3. Fixed-Size Output

Regardless of the input size, the output (hash value) will have a fixed size. For example, SHA-256 always produces a 256-bit (32-byte) hash value.

Properties of a Good Hash Function

  • Deterministic: The same input will always produce the same hash output.
  • Fast Computation: The hash value should be quick to compute.
  • Avalanche Effect: A small change in the input should produce a significantly different hash.
  • Fixed Output Length: The output hash length should be fixed, regardless of input size.
  • Pre-image Resistance: Given a hash value, it should be infeasible to find the original input.
  • Collision Resistance: It should be infeasible to find two different inputs that produce the same hash value.
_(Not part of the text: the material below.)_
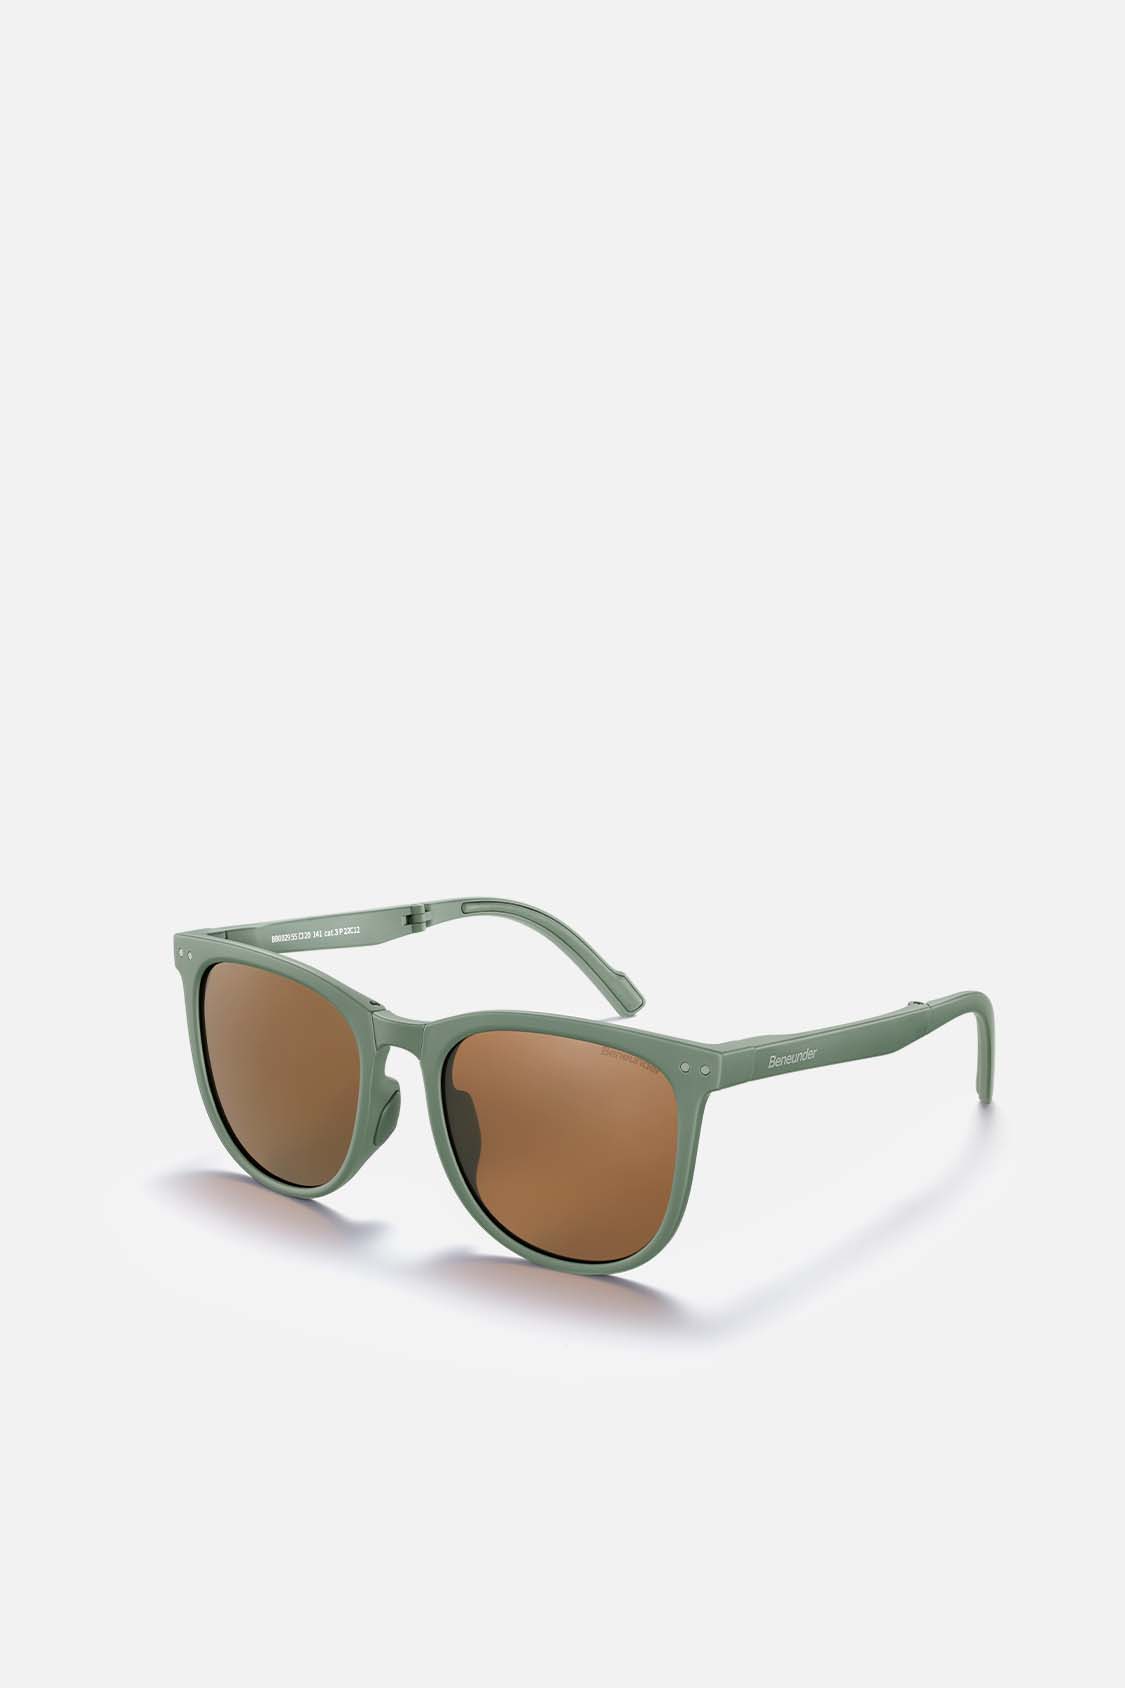 beneunder folding classic sunglasses uv400 #color_bamboo stonw green

Hashing functions are widely used in various applications, including:

  1. Data Retrieval: Hash functions are used in hash tables to quickly locate data records. By hashing a key, the system can quickly access the corresponding value in the table.

  2. Data Integrity: Hash functions can generate a checksum or digest that verifies data integrity. If the data changes, the hash value will also change, indicating potential tampering or corruption. Hashes allow users to verify that the file they downloaded has not been corrupted or altered. By comparing the hash of the downloaded file with the hash provided on the website, users can ensure the file’s integrity. Hashes protect against tampering. If an attacker tries to alter the file, the hash of the modified file will not match the hash provided on the website, indicating that the file has been compromised. When downloading software from multiple sources or mirrors, hashes help ensure that each source provides the exact same file.

  3. Cryptography: In cryptographic applications, hash functions are used to create digital signatures and perform password hashing. They are designed to be secure against various attacks, ensuring that it’s infeasible to reverse-engineer the original input from the hash value.

  4. Data Deduplication: Hash functions help identify duplicate data by generating a unique hash for each piece of data. Identical data will have the same hash value.

How to Use Hashes for Verification

  1. Download the File: First, download the package file, for example mistral_inference-0.0.0.tar.gz.

  2. Calculate the Hash: Use a hashing tool to calculate the hash of the downloaded file. Here are some examples of commands you can use to calculate different types of hashes:

    • SHA256:
      sha256sum mistral_inference-0.0.0.tar.gz
      
    • MD5:
      md5sum mistral_inference-0.0.0.tar.gz
      
    • BLAKE2b-256:
      b2sum mistral_inference-0.0.0.tar.gz
      
  3. Compare the Hash: Compare the calculated hash with the hash provided on the PyPI website. If they match, the file is verified.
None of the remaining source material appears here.